DATASET EXCERPT
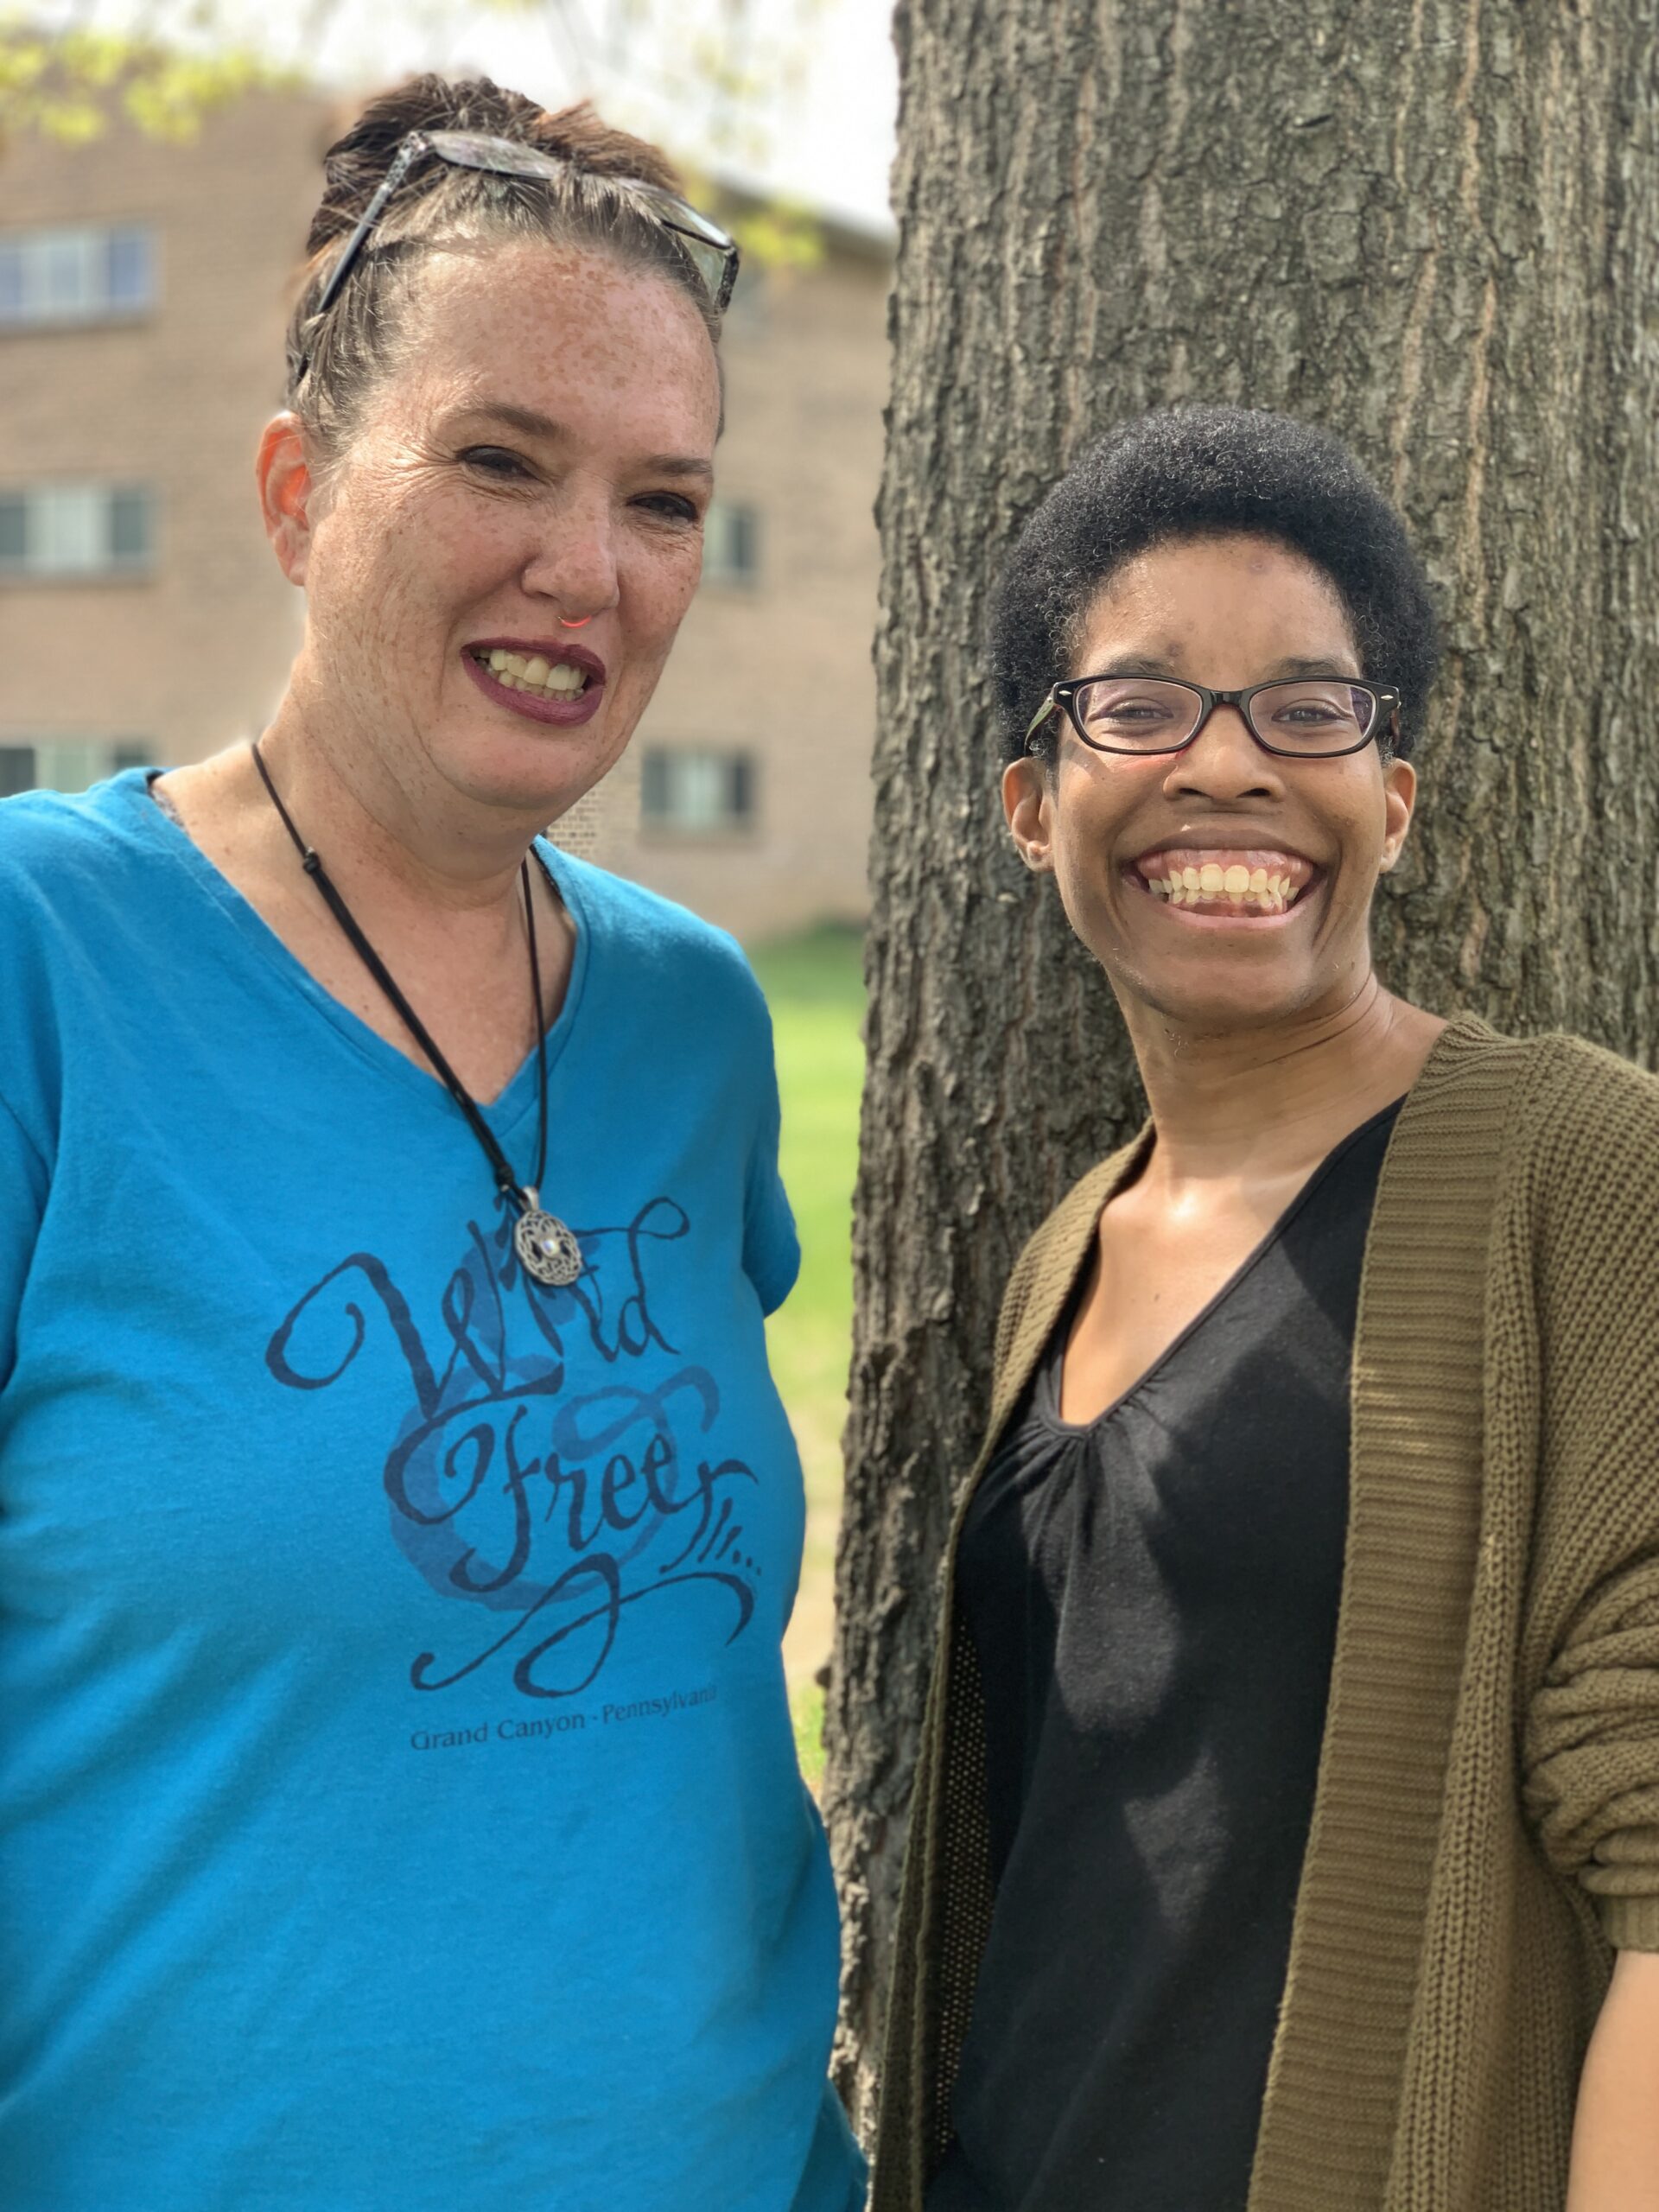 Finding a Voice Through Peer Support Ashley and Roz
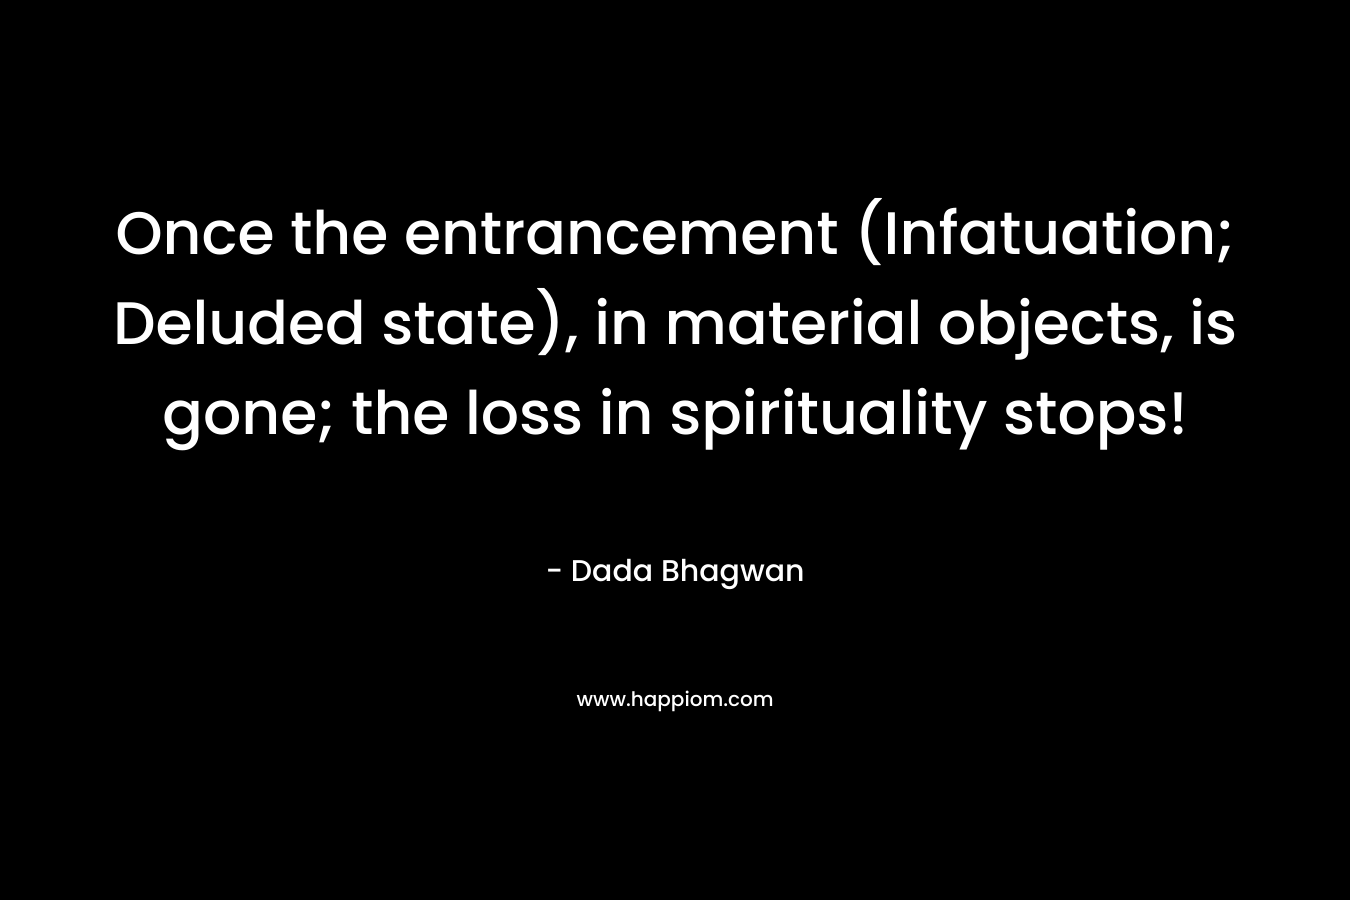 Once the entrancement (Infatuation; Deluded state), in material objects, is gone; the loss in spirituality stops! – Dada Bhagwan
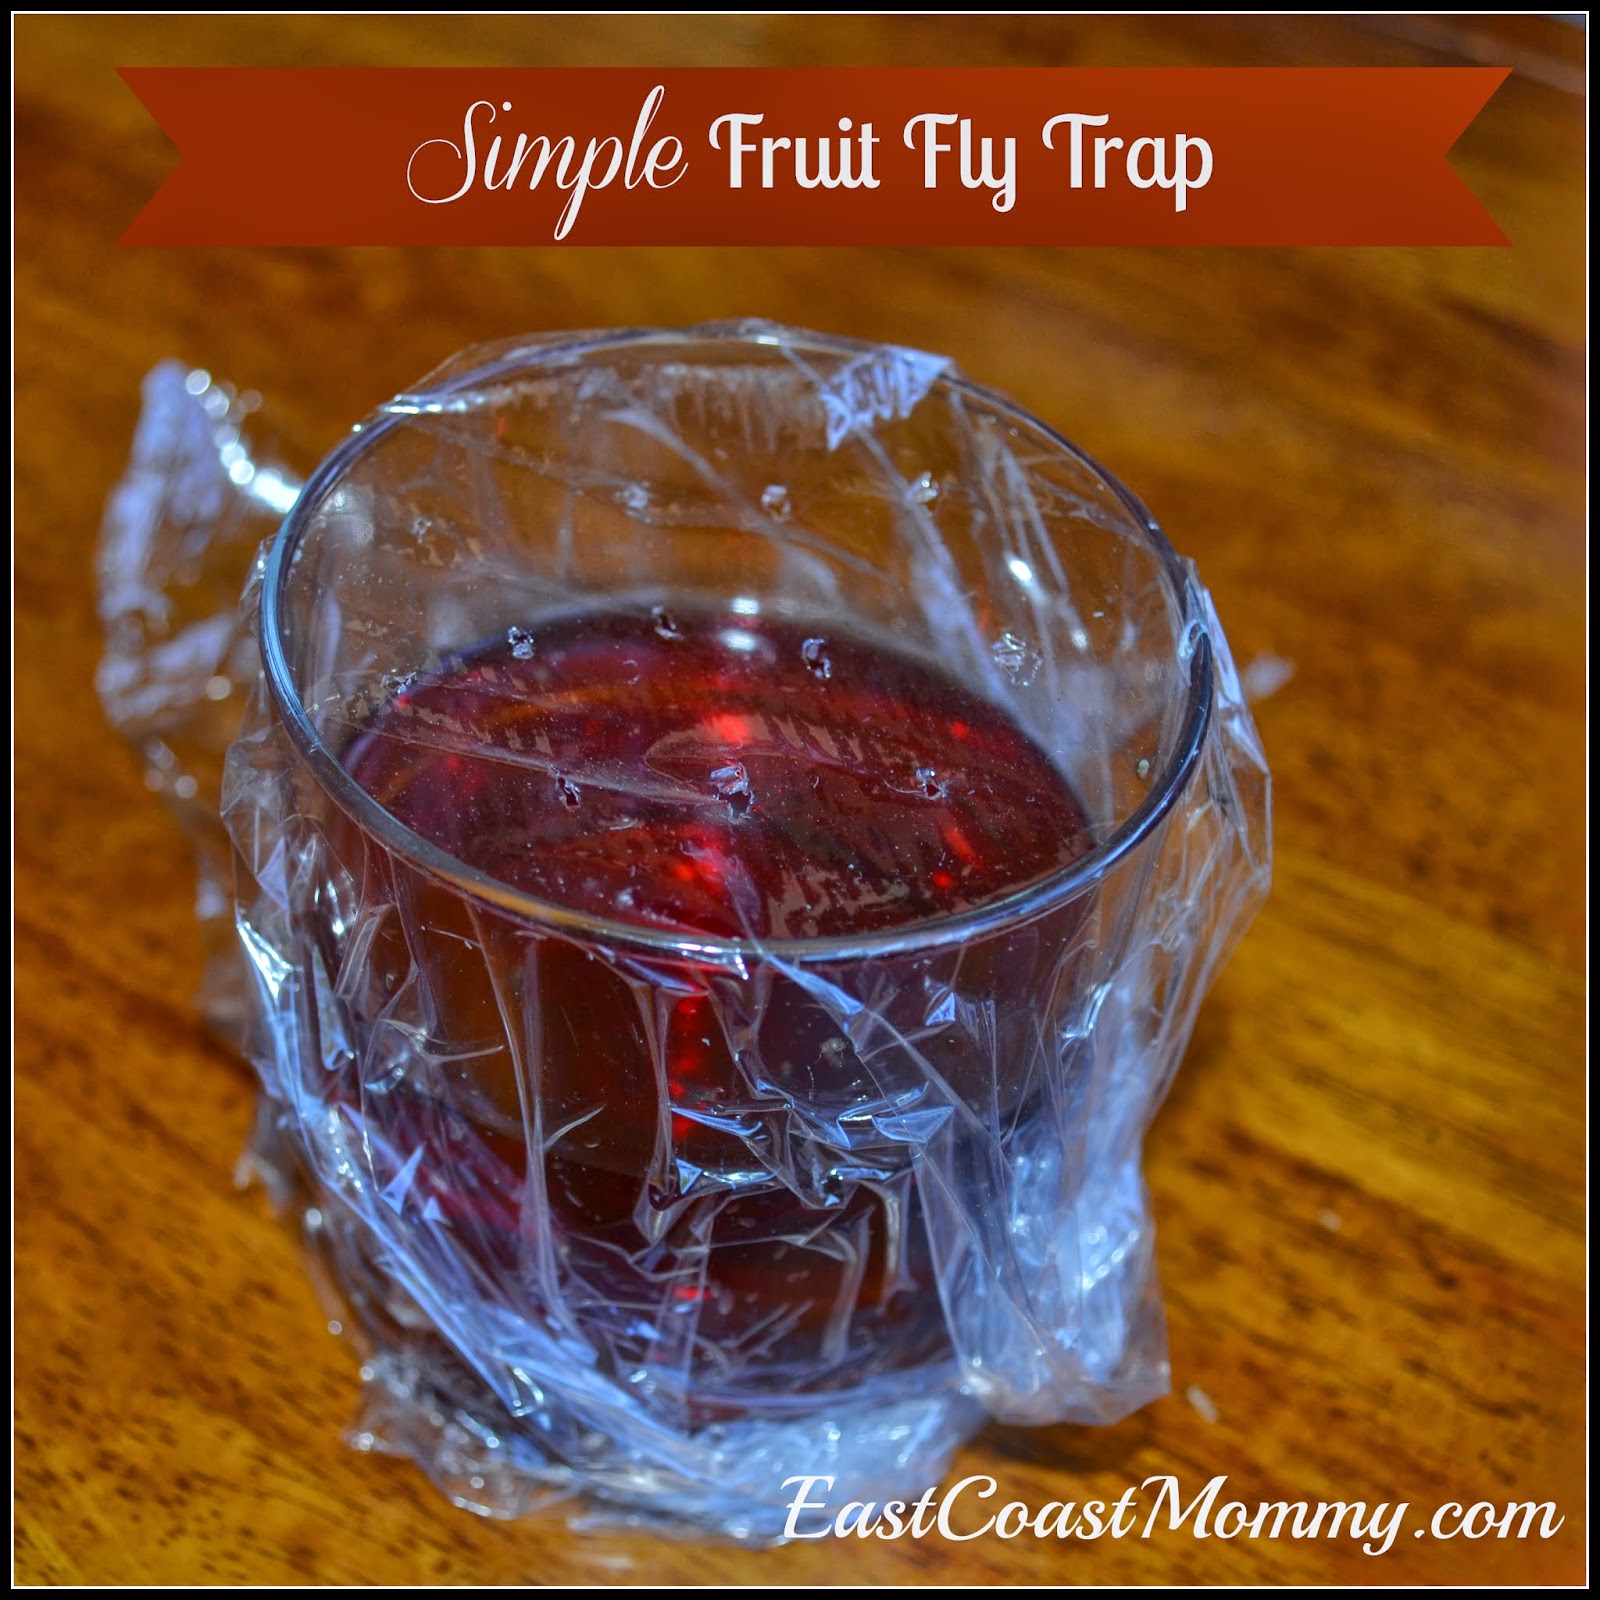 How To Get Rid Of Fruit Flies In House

DESCRIPTION OF THE TASK
Output all the data, exactly, without images.

REPLY
 Finding a Voice Through Peer Support Ashley and Roz
 Once the entrancement (Infatuation; Deluded state), in material objects, is gone; the loss in spirituality stops! – Dada Bhagwan
 How To Get Rid Of Fruit Flies In House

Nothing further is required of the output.